• **Task goal**: Aim for an exact copy of the listing, without any images.

• **Material provided**:
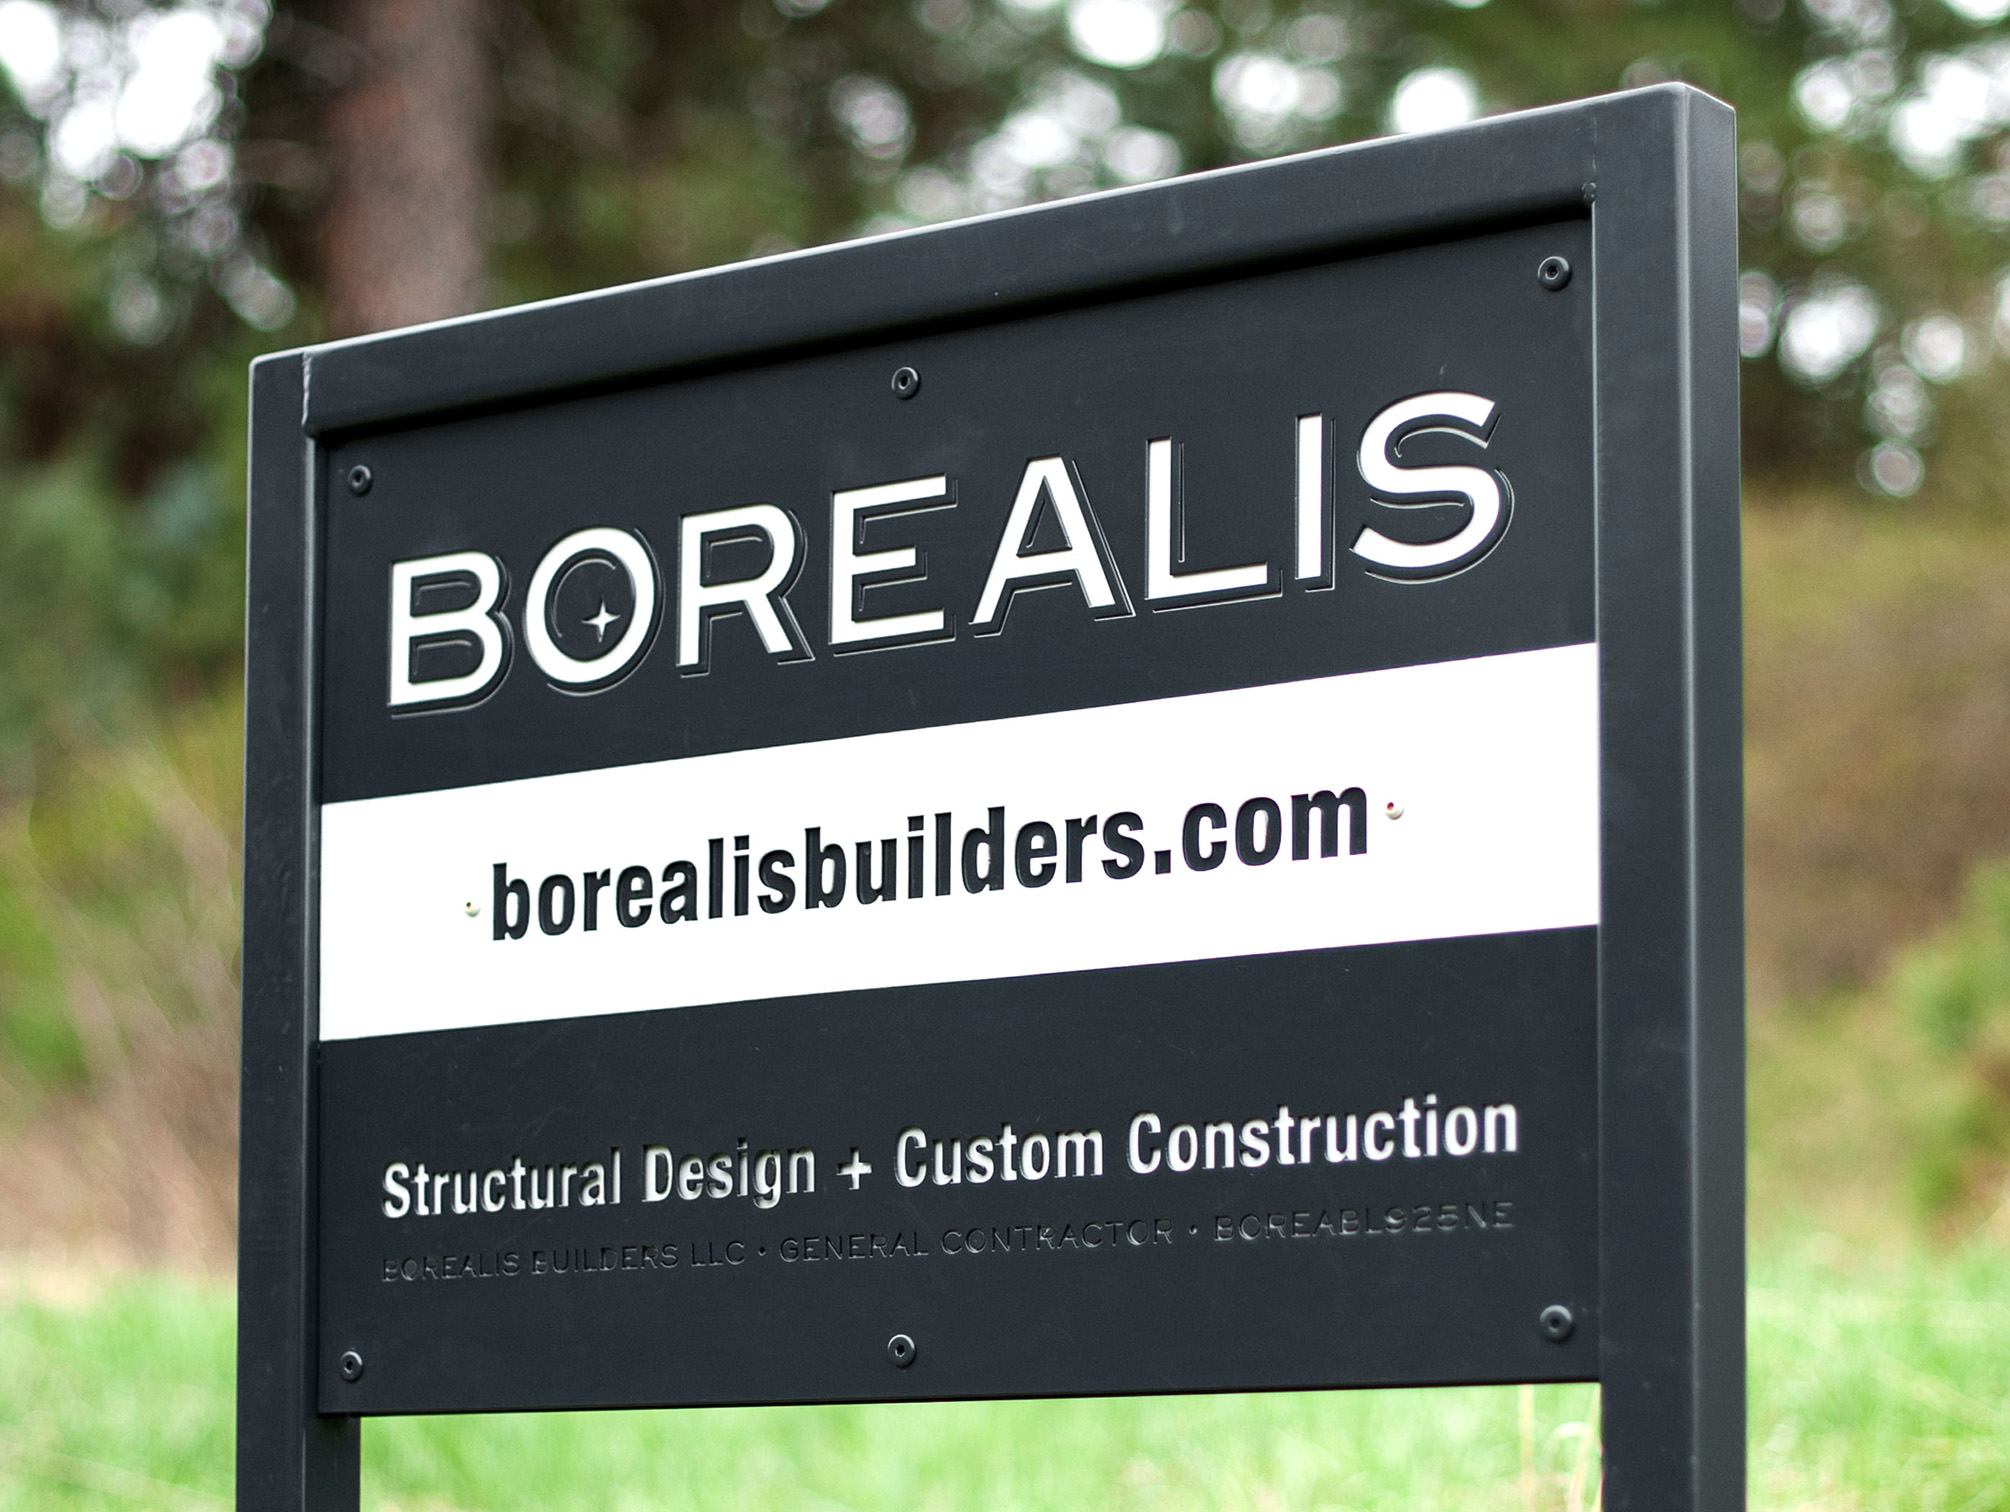 borealis3.jpg
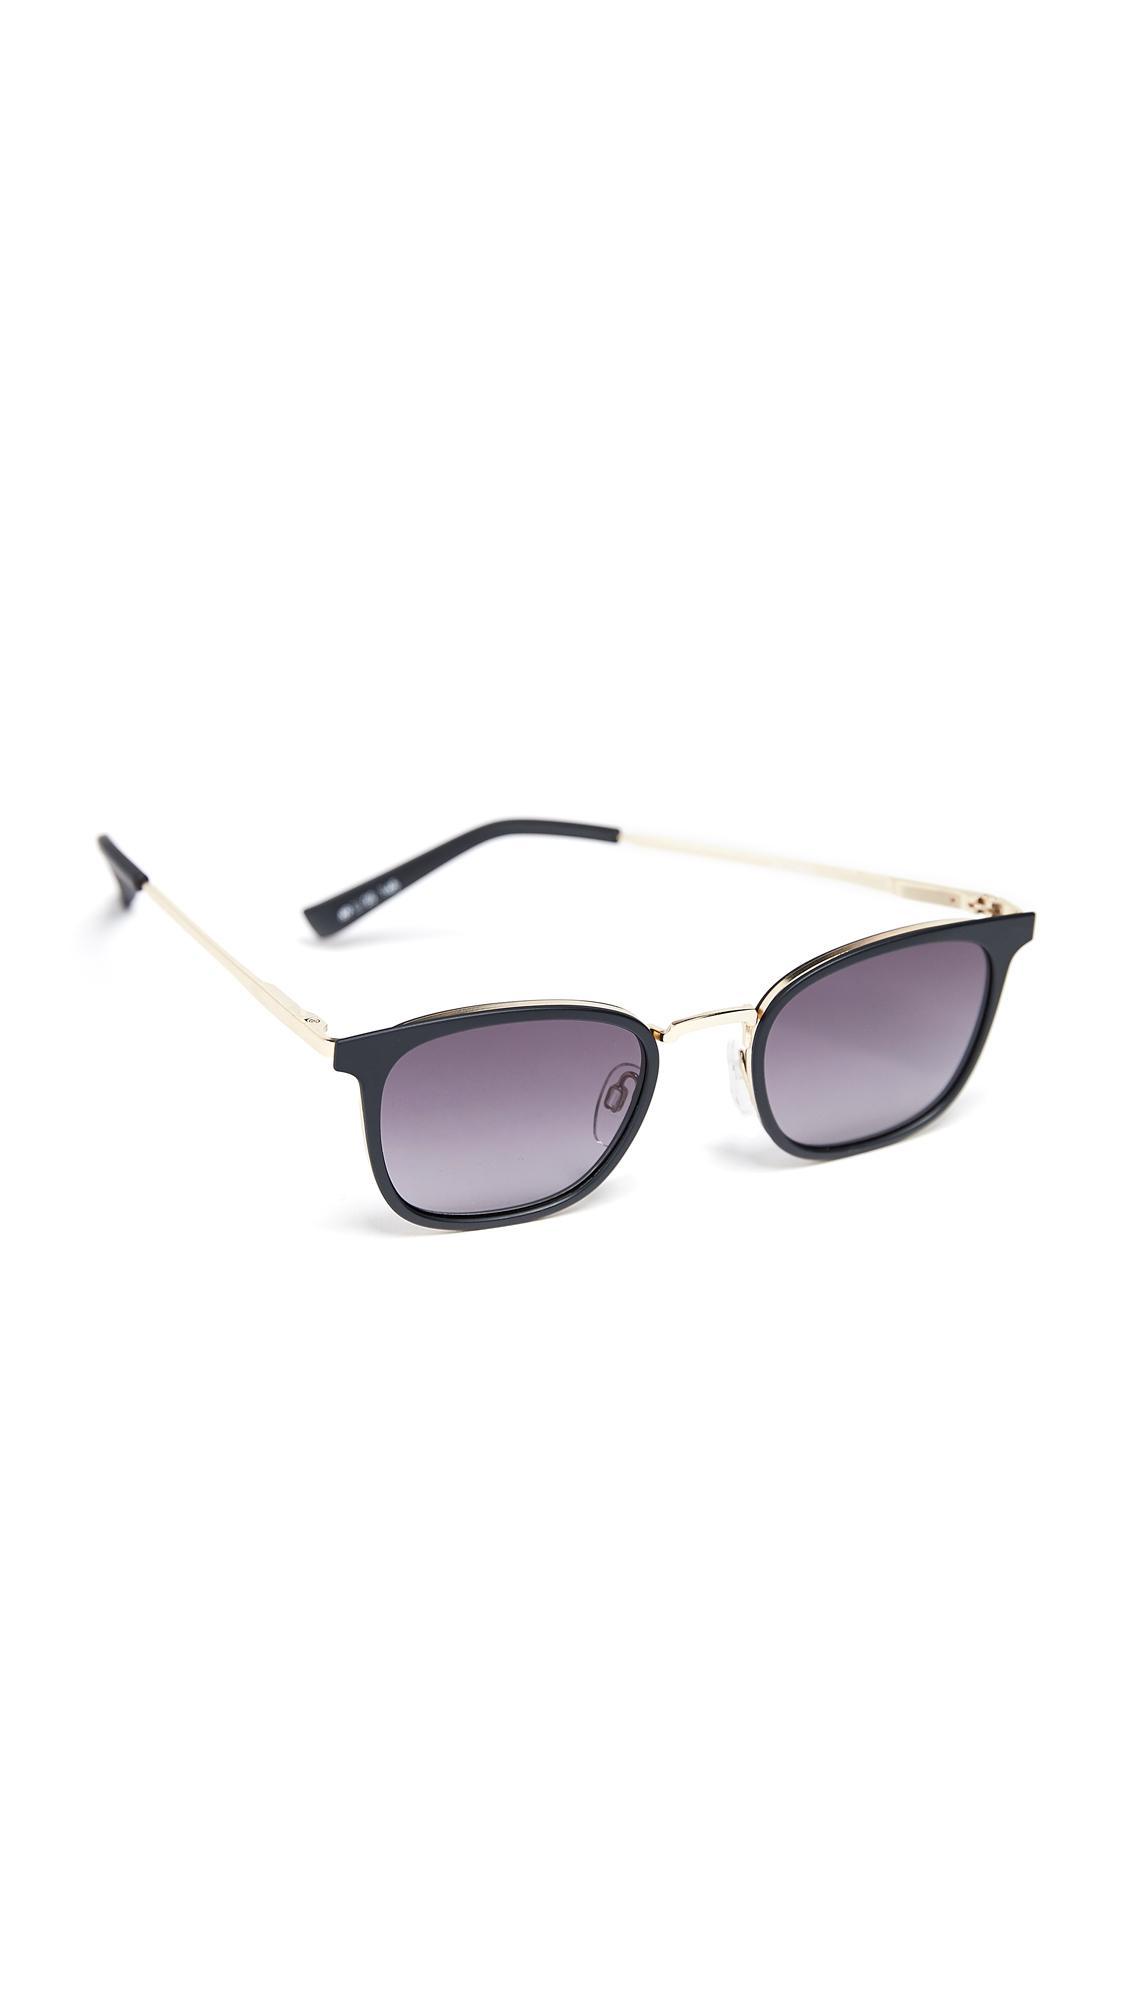 Le Specs Racketeer Sunglasses In Matte Black
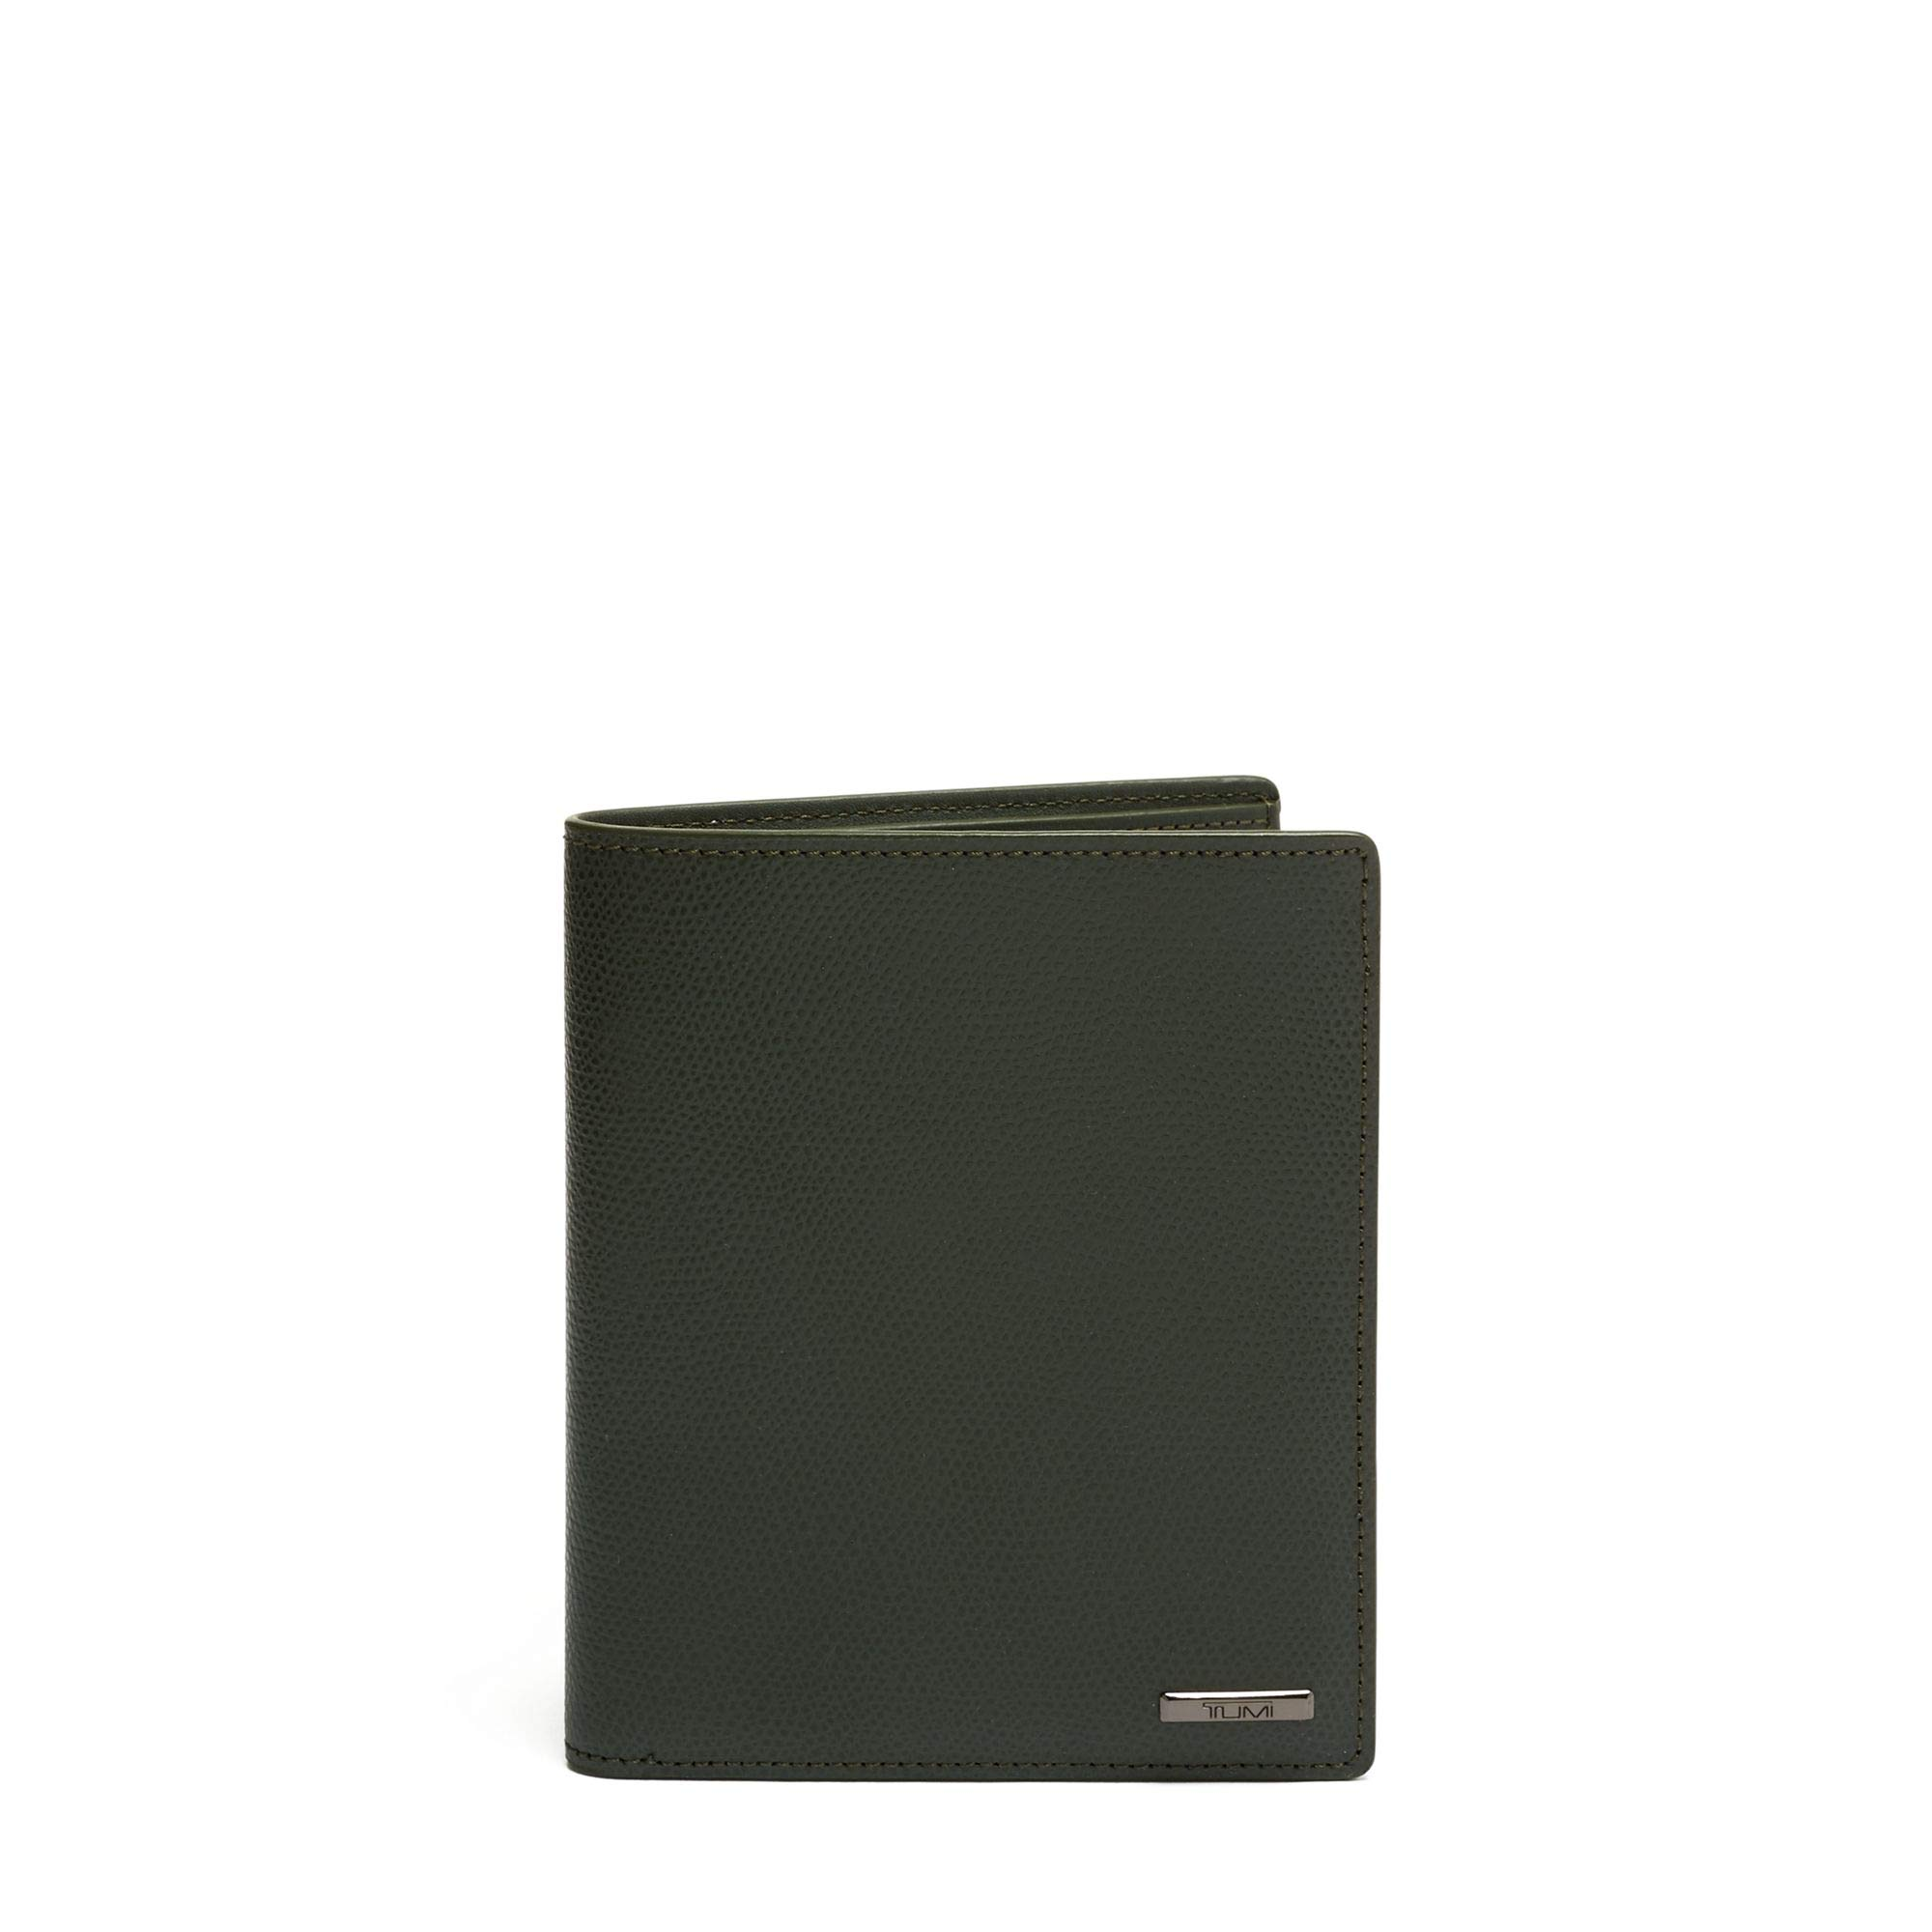 TUMI - Province Passport Case Holder - Wallet for Men and Women - Algae

• **Expected output**:
 borealis3.jpg
 Le Specs Racketeer Sunglasses In Matte Black
 TUMI - Province Passport Case Holder - Wallet for Men and Women - Algae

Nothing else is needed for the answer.